## About this exercise:
Only one stretch of the material below is wanted: everything from the line containing "Mann in blauer" down to the line containing "Riyo Handsome Gems", both ends included. Repeat it exactly and skip the pictures.

## Provided records:

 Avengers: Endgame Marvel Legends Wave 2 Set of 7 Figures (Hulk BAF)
* * *
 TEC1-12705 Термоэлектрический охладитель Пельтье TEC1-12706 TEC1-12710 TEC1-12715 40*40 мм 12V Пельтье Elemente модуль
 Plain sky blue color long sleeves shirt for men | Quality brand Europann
--
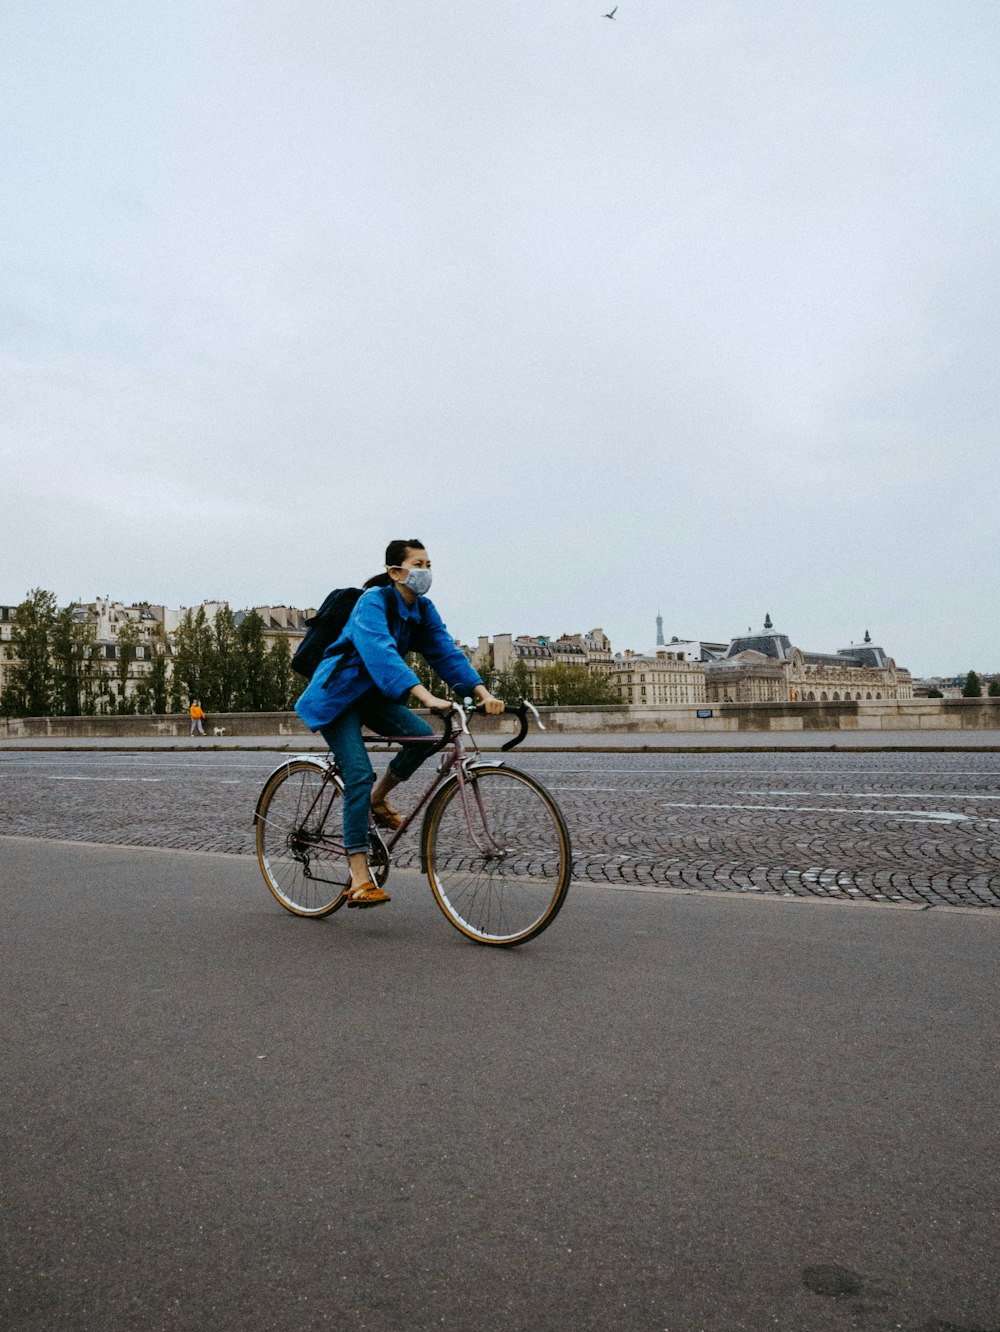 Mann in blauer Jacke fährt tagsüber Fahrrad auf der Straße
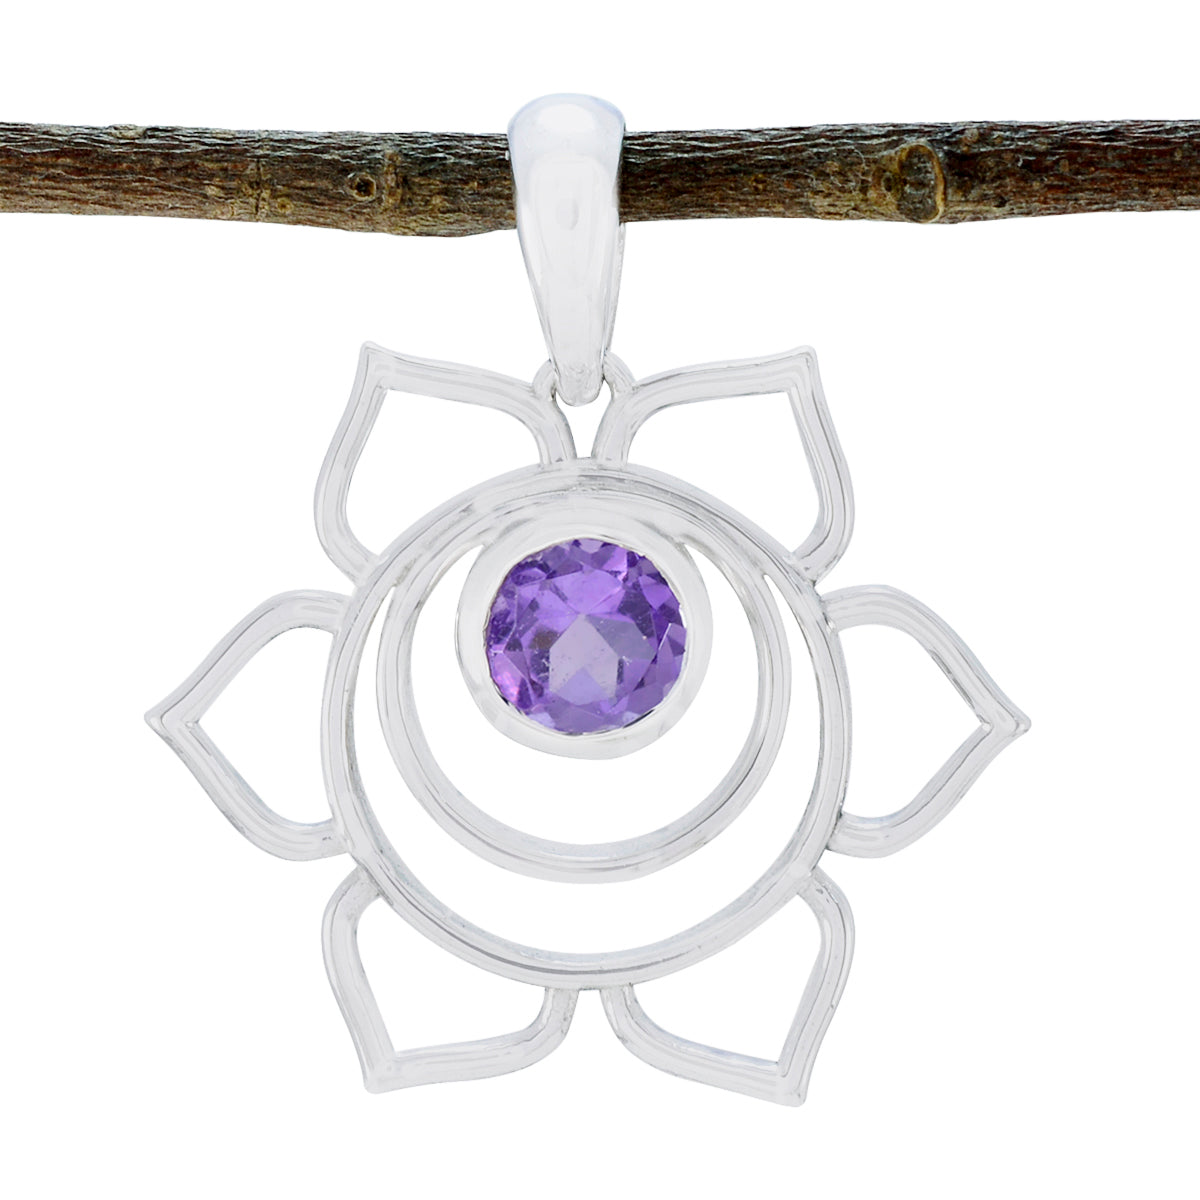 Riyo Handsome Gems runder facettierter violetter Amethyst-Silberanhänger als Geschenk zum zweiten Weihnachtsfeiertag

## Exercise solution:
 Mann in blauer Jacke fährt tagsüber Fahrrad auf der Straße
 Riyo Handsome Gems runder facettierter violetter Amethyst-Silberanhänger als Geschenk zum zweiten Weihnachtsfeiertag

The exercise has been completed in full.